- Developer: Crytek Budapest
- Publisher: Electronic Arts
- Director: Cevat Yerli
- Producer: Bernd Diemer
- Designer: Attila Bánki Horváth
- Programmers: Denisz Polgár Attila Márton
- Artist: Gábor Mogyorósi
- Writer: Tim Partlett
- Composers: Péter Antovszki Inon Zur
- Series: Crysis
- Engine: CryEngine 2
- Platform: Microsoft Windows
- Release: NA: 16 September 2008; NA: 17 September 2008 (Steam); EU: 19 September 2008; AU: 25 September 2008;
- Genre: First-person shooter
- Modes: Single-player, multiplayer

= Crysis Warhead =

2008 video game

Crysis Warhead is a 2008 first-person shooter game developed by Crytek Budapest and published by Electronic Arts. Crysis Warhead is a stand-alone expansion game and does not require the installation of the original Crysis to play.

==Gameplay==

Crysis Warhead updates and refines the gameplay of the original game through a side-plot parallel to that of the original Crysis game. The story follows Sergeant Michael "Psycho" Sykes, an ally of Crysis protagonist Nomad, as he faces his own trials and challenges on the other side of the island during the time period of the first game. It features new fully customizable weapons, vehicles and enemies, along with new multiplayer content. It also showcases a new, enhanced and optimized version of CryEngine 2 and is the first game developed by Crytek's Budapest studio. Psycho's arsenal of futuristic weapons builds on those showcased in Crysis, with the introduction of Mini-SMGs which can be dual-wielded, a six-shot grenade launcher equipped with EMP grenades, and the destructive, short ranged Plasma Accumulator Cannon (PAX). The highly versatile Nanosuit, which confers various superhuman abilities upon its wearer, returns.

===Crysis Wars===

In addition to the single-player campaign, Crytek has also emphasized the multiplayer modes, titled Crysis Wars. In addition to the Instant Action and Power Struggle modes of the original Crysis, Crysis Warhead also features Team Instant Action mode, as well as 21 playable maps upon release. Crytek has made numerous changes to the multiplayer gameplay including tighter vehicle controls, weapon rebalancing, and Nanosuit alterations. Crysis Wars is included on its own disc, has a separate installer and logo, and is considered a separate game by Crytek; regardless, it comes bundled with Warhead at no additional charge. From 10 to 12 October 2008, Crytek held a free trial weekend during which people could download and play Crysis Wars for free.

==Plot==
In 2020, an ancient alien spacecraft is uncovered on the North Korean-occupied Lingshan Islands, east of the Philippines. British SAS Sergeant Michael "Psycho" Sykes is a member of the Raptor Team, a squad of mostly U.S. soldiers outfitted with advanced nanotechnology. Sykes splits up with his team following a raid on a North Korean-controlled harbor. He witnesses a North Korean warship being bombarded by U.S. Navy fighter jets. Leaving the shore, he joins a Marine vehicle convoy driving through the jungle, and defends it as it is attacked by North Korean soldiers. The convoy is destroyed and the Marines fight into the night. The VTOL transport that tries to evacuate the destroyed convoy's Marines is hit by a missile and crash-lands. Psycho awakes and goes to find a better position for the surviving Marines, but gets attacked by an EMP blast from a container being lifted away by a North Korean helicopter. Psycho is later assigned a mission to pursue another North Korean container that JSOC believes contains a nuclear warhead. As the mission progresses, Psycho is reunited with friend U.S. Navy fighter pilot Sean O'Neill who was originally going to have Nomad's spot on Raptor Team. He was replaced by Nomad after failing an evaluation test. Psycho, against the wishes of Commander Emmerson, helps O'Neill after his F-35 jet is shot down, and takes him to a VTOL to escape.

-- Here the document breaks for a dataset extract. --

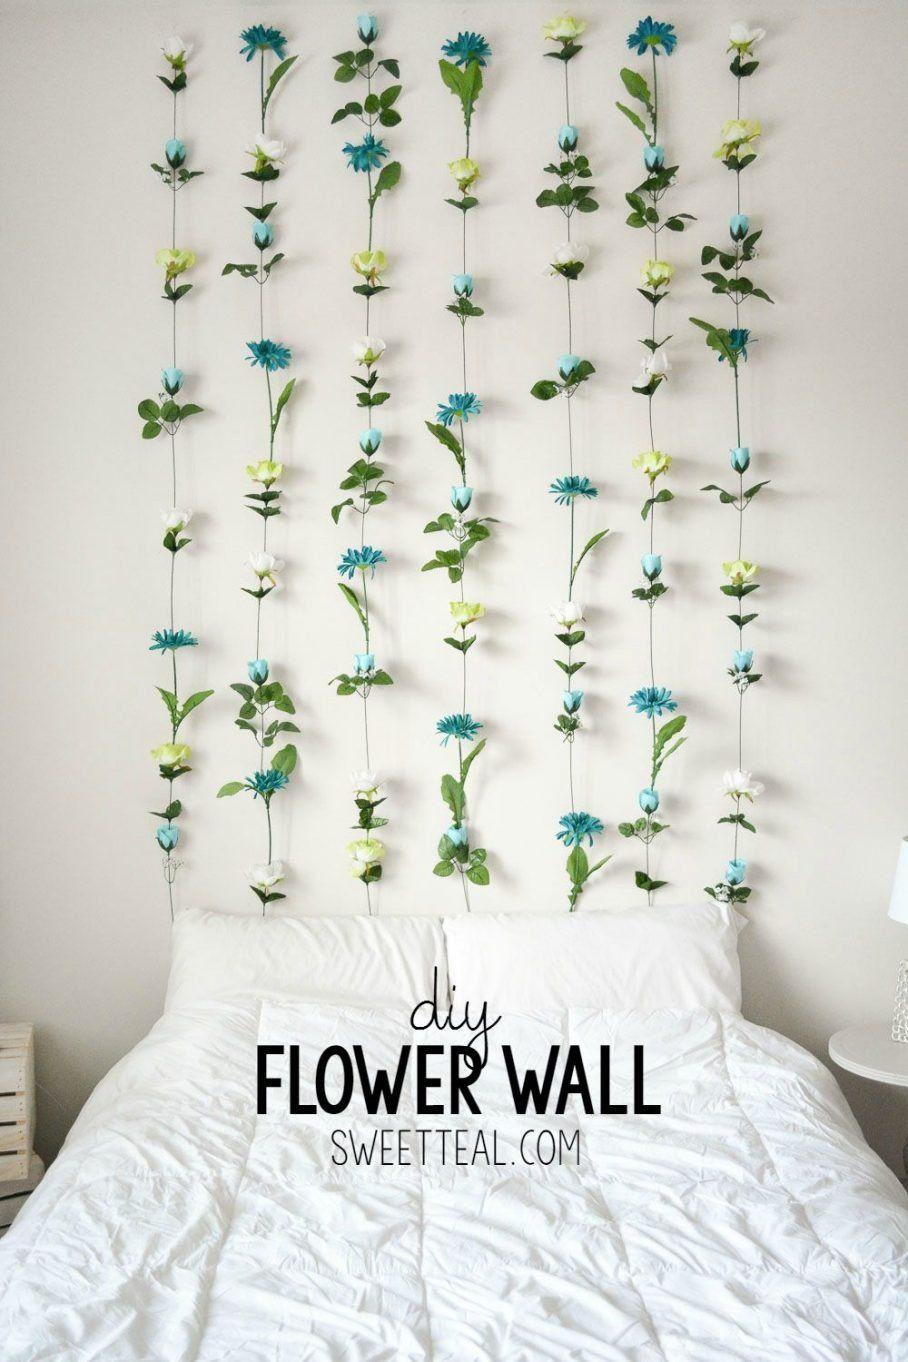 Bedroom Wall Decor Diy Diy Bedroom Wall Decorating Ideas Pinterest Master Decor Diy Wall Decor For Bedroom Diy Flower Wall Wall Decor Bedroom

Psycho fights through the jungle and coastlines against the North Korean military to track down the container and stop them from taking it. After he reaches a cargo submarine, he sees what's inside. Rather than a nuclear warhead, the container houses an alien war machine, which knocks Psycho out with an EMP blast. After he wakes up again, he is captured and tortured by the North Koreans. As the submarine submerges, the island is suddenly flash-frozen while mechanical alien "Exosuits" attack. Psycho pursues Colonel Lee Kim Sun through the frozen waters and valleys, eventually meeting up with another nanosuit team on the island, Eagle Team. Psycho and Eagle Team continue the pursuit, fighting off an enormous walking Exosuit. Eagle Team is separated from Psycho in a mine, while Psycho continues searching for the container. After reaching an underground train station, Psycho is ordered to get on the train the container is loaded on. Emerging above ground, Psycho fights off both North Korean soldiers and aliens trying to reclaim the container, while O'Neill assists him.

Psycho is ordered to destroy the container if he cannot capture it, and the train is stopped on a bridge which is rigged with explosives in case he needs to do so. Before the container can be extracted by friendly forces, Colonel Lee arrives and uses a captured U.S. Marine as a hostage to bait Psycho off the train, and Psycho loses the detonator while saving him. The Marine pleads with Psycho to drop him so Psycho can retrieve the detonator and destroy the container. Colonel Lee manages to escape with the container before the explosives can be detonated. Although Psycho survives the fall, the Marine, who was not wearing an armored nanosuit, does not. He takes out his rage on an injured nanosuited North Korean soldier he pulled off the bridge with him, and drowns him in the river. Struck with grief for not saving the life of the Marine, Psycho has an emotional breakdown, but regains his composure in order to finish his mission.

Psycho assaults the North Korean-occupied airfield where the container is waiting to be taken off the island, taking out numerous ground forces and North Korean tanks. O'Neill returns in a VTOL, and assists Psycho in destroying an upgraded Exosuit walker by guiding him to a crashed U.S. Air Force cargo plane, which was transporting a powerful experimental weapon, the PAX (Plasma Accumulator Cannon), which allows him to fight off the initial wave of attackers. As the two are about to start extracting the container, Colonel Lee shows up again to reclaim the container, holding O'Neill at gunpoint. Lee tries to shoot O'Neill, but O'Neill is shielded by a cloaked Psycho, who begins fighting with Lee as O'Neill retakes control of the VTOL and takes the container. Psycho and Lee begin fighting inside of the VTOL, and Psycho gains the upper hand, knocking Lee out of the back onto the tarmac, leaving him to the mercy of a massive alien warship. O'Neill takes off with the container, as Psycho relaxes in the back.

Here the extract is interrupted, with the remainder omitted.